Performance profiling on Linux
What are the best tools for profiling C/C++ applications on *nix?
(I'm hoping to profile a server that is a mix of (blocking) file IO, epoll for netw开发者_如何学运维ork and fork()/execv() for some heavy lifting; but general help and more general tools are all also appreciated.)
Can you get the big system picture of RAM, CPU, network and disk all in one overview, and drill into it?
There's been a lot of talk on the kernel lists about things like perf timechart
, but I haven't found anything turning up in Ubuntu yet.
I recommend taking stackshots, for which pstack is useful. Here's some more information:
Comments on gprof.
How stackshots work.
A blow-by-blow example.
A very short explanation.
If you want to spend money, Zoom looks like a pretty good tool.
For performance, you can try Callgrind, a Valgrind tool. Here is a nice article showing it in action.

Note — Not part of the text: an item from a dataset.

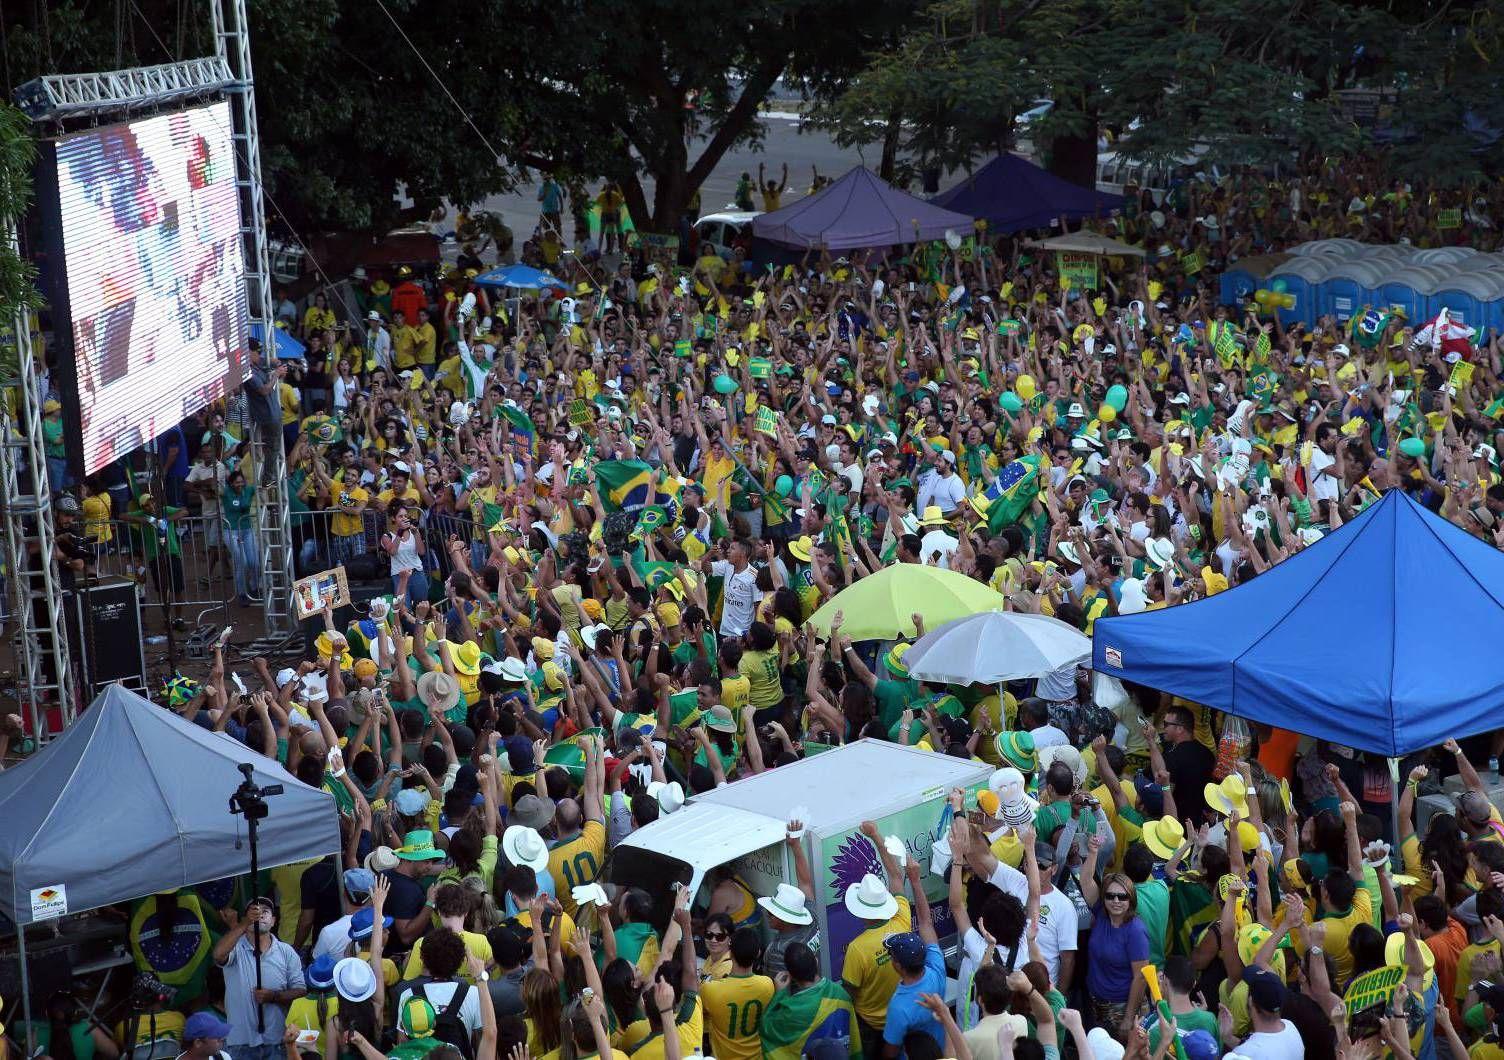 Entenda os próximos passos do processo de impeachment de Dilma Rousseff

Compile with -pg, run the program, and then use gprof
Compiling (and linking) with -pg adds profiling code and the profiling libraries to the executable, which then produces a file called gmon.out that contains the timing information. gprof displays call graphs and their (absolute and relative) timings.
See man gprof
for details.
The canonical example of a full system profiling tool (for Solaris, OS X, FreeBSD) is DTrace. But it is not yet fully available on Linux (you can try here but the site is down for me at the moment, and I haven't tried it myself). There are many tools, in various states of usefulness, for doing full system profiling and kernel profiling on Linux.
You might consider investigating:
- oprofile
- SystemTap
- bootchart
- strace (e.g. this SO answer
Allinea MAP is a profiler for C++ and other native languages on Linux. It is commercially supported by my employer. It has a graphical interface and source-line level profiling and profiles code with almost no slowdown which makes it very accurate where timing of other subsystems is relevant - such as for IO.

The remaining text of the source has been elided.